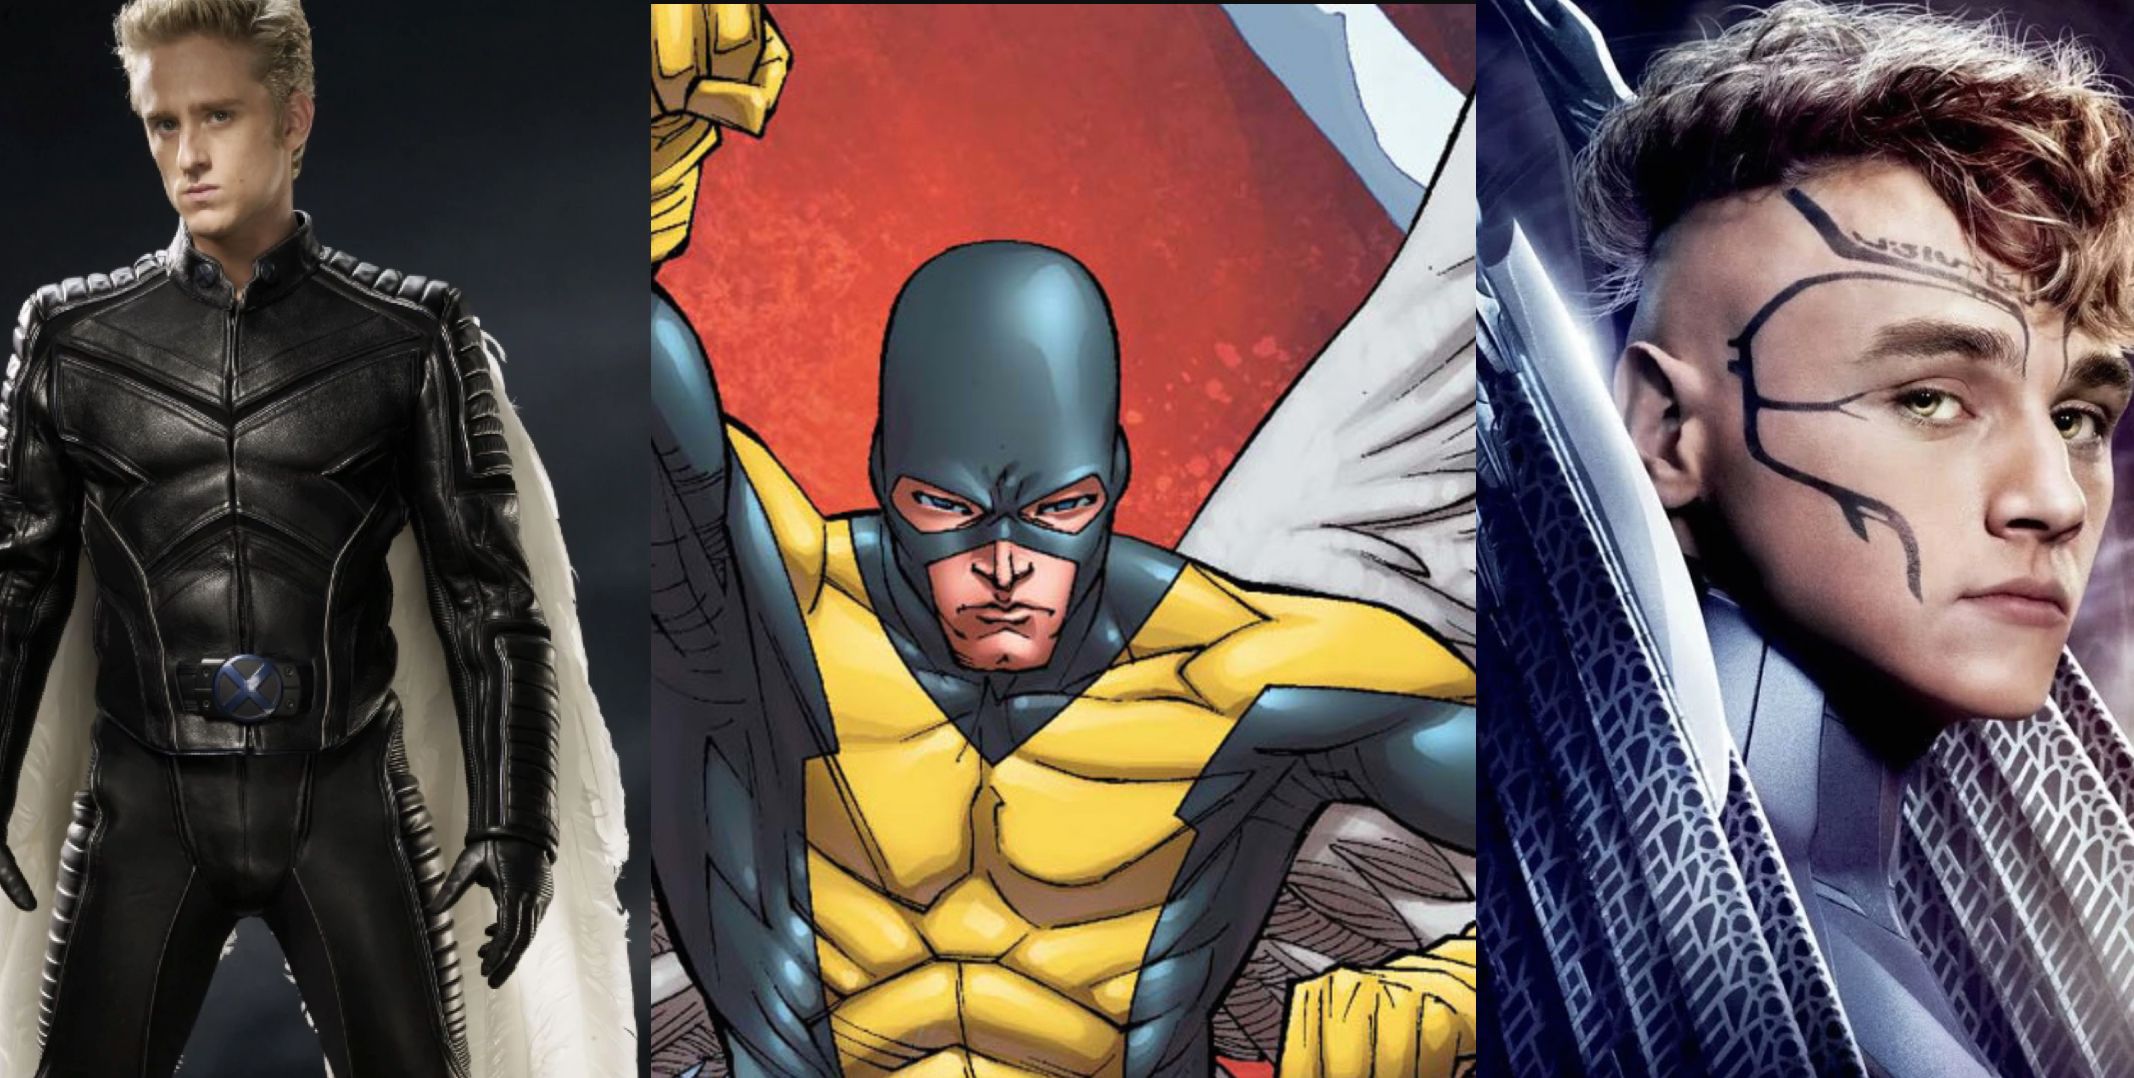 Warren Worthington Angel in X-Men Movies and Comics
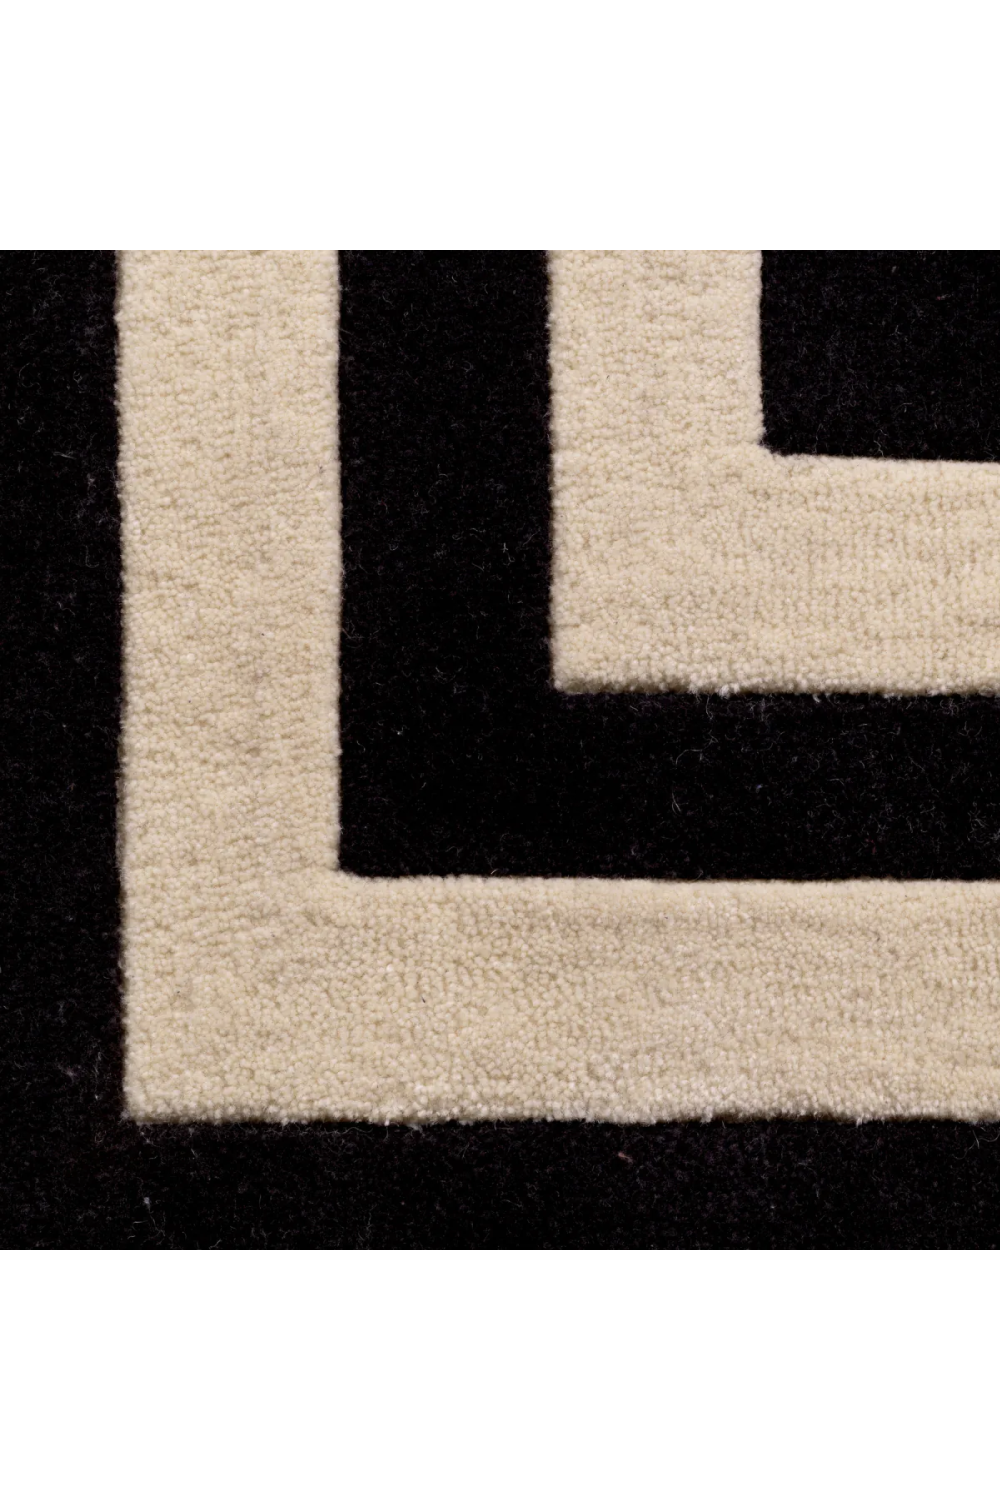 Black Carpet | Eichholtz Celeste - (10x13) | Oroa.com
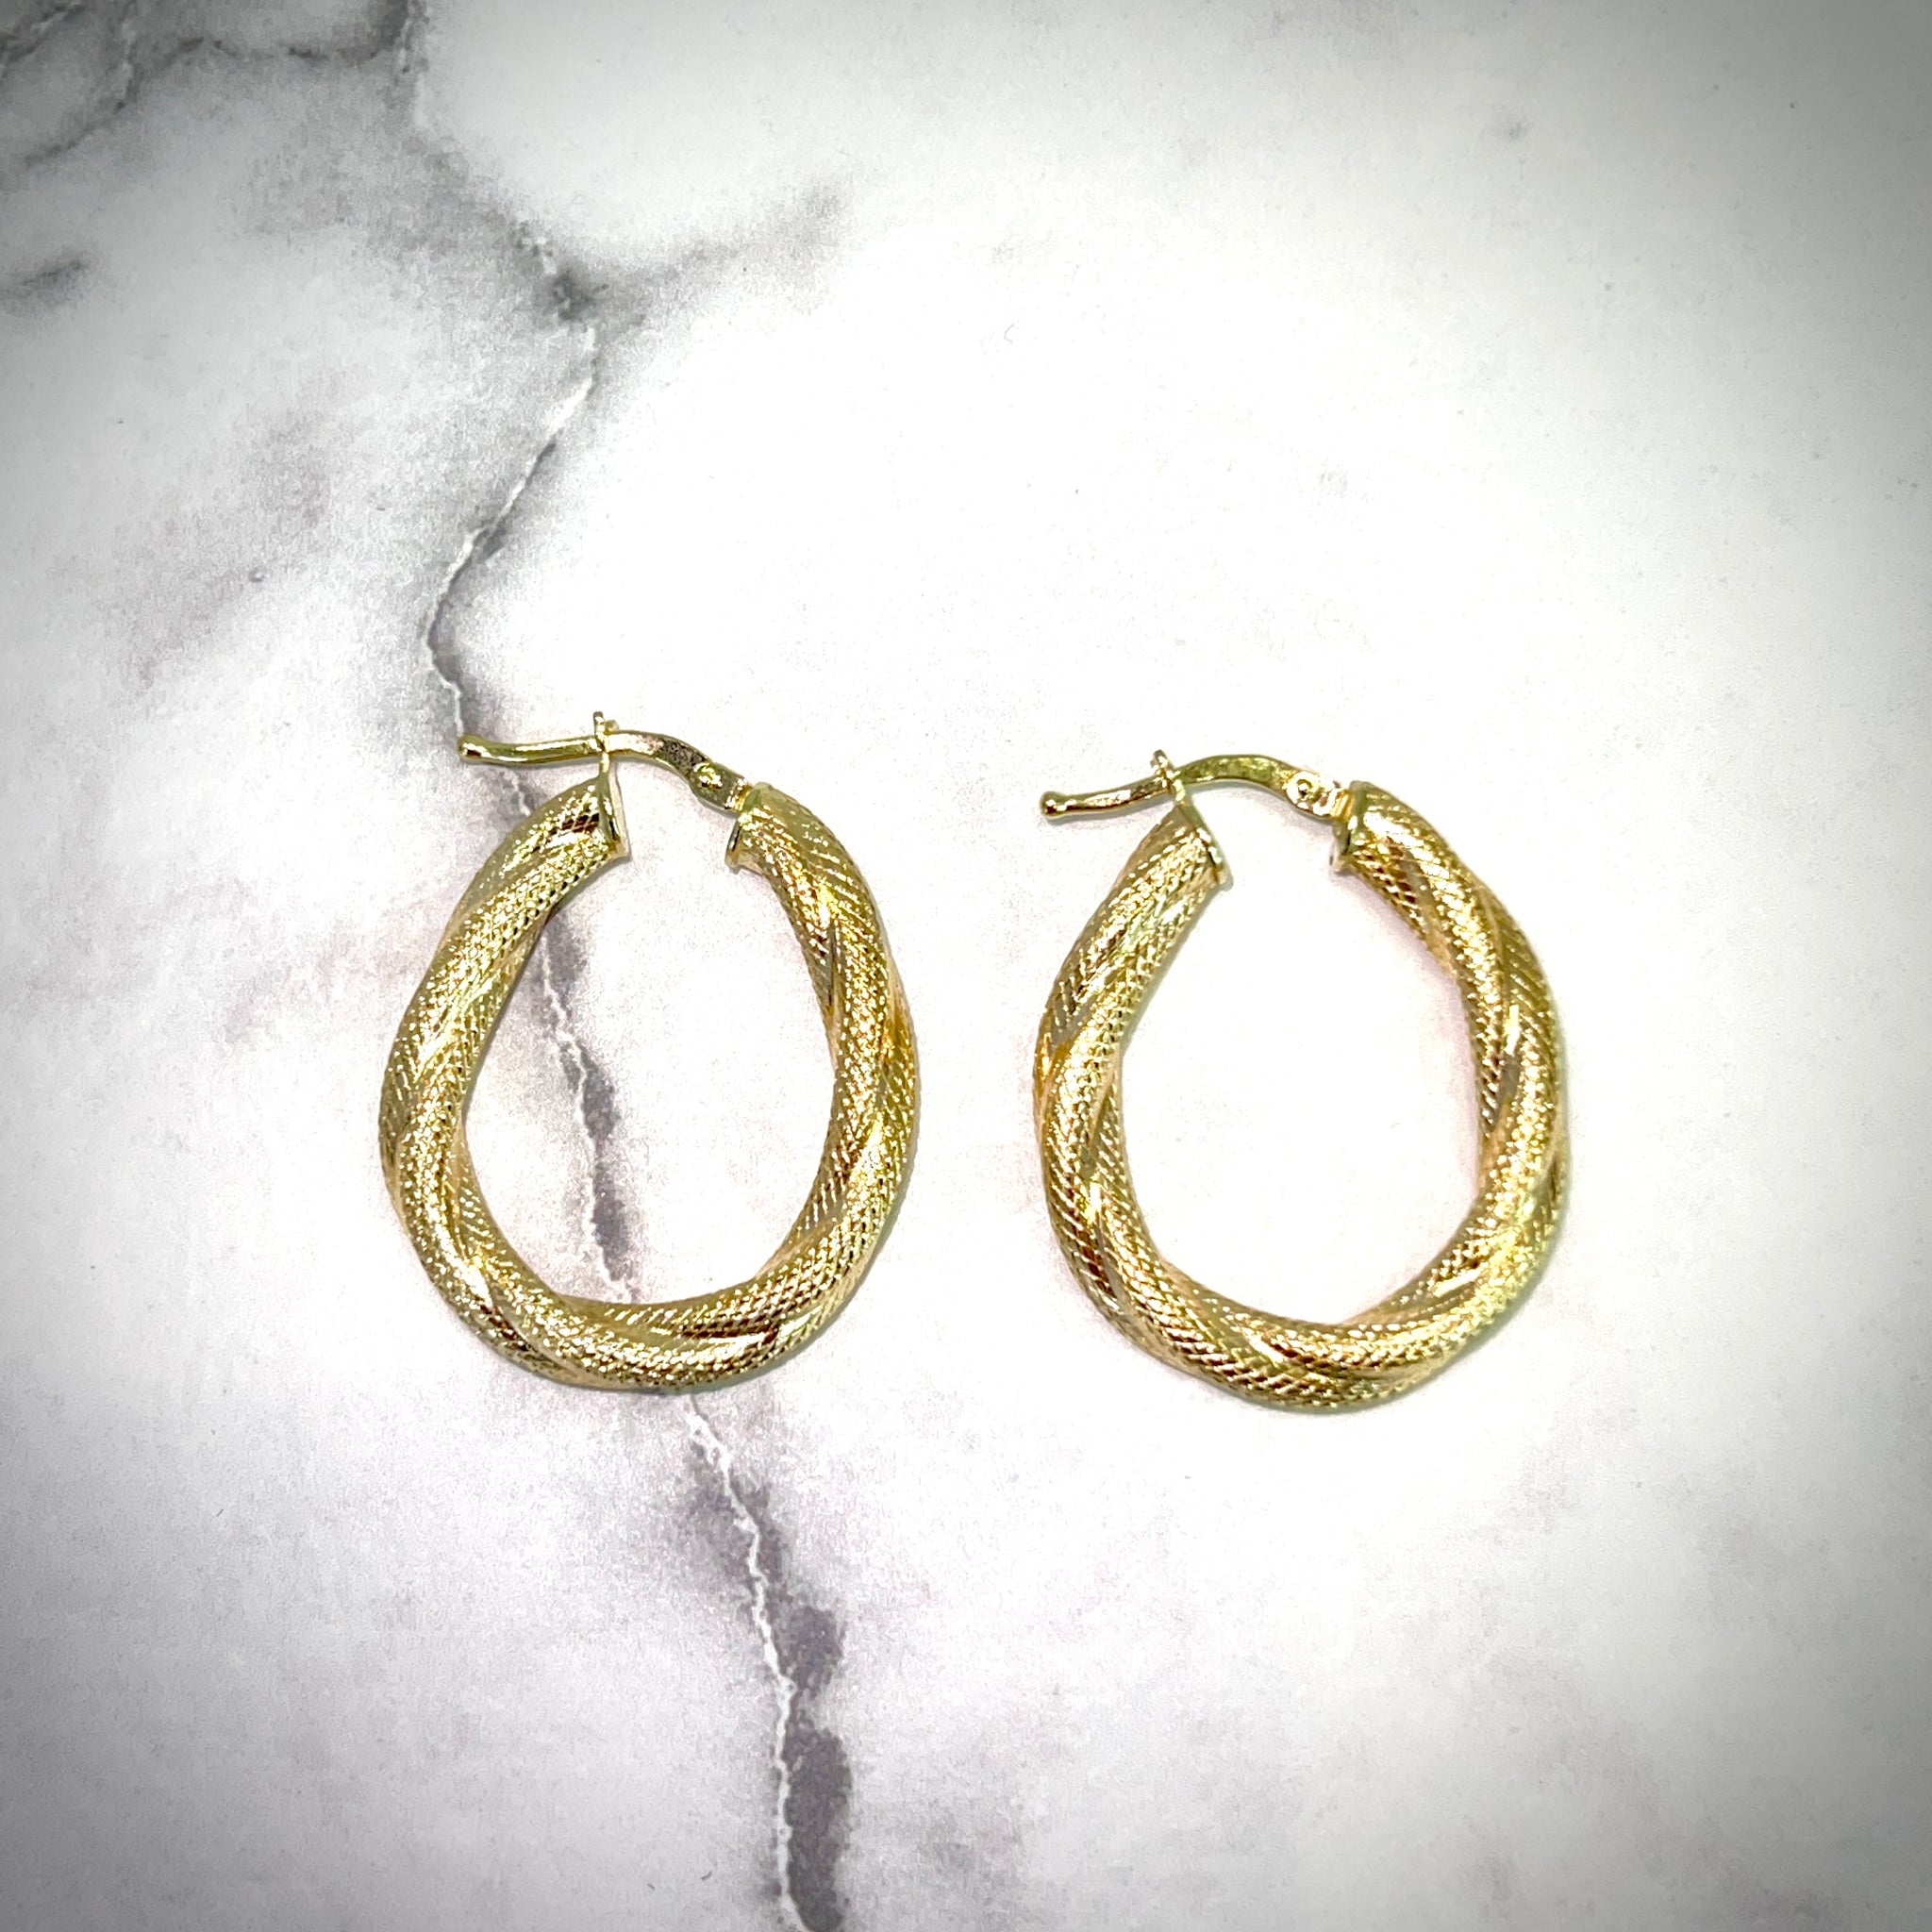 Rope Hoops Earrings - 18 carat gold

_Work to complete_.
Return each line from the material above exactly, but not the pictures.

_Written solution_.
 Warren Worthington Angel in X-Men Movies and Comics
 Black Carpet | Eichholtz Celeste - (10x13) | Oroa.com
 Rope Hoops Earrings - 18 carat gold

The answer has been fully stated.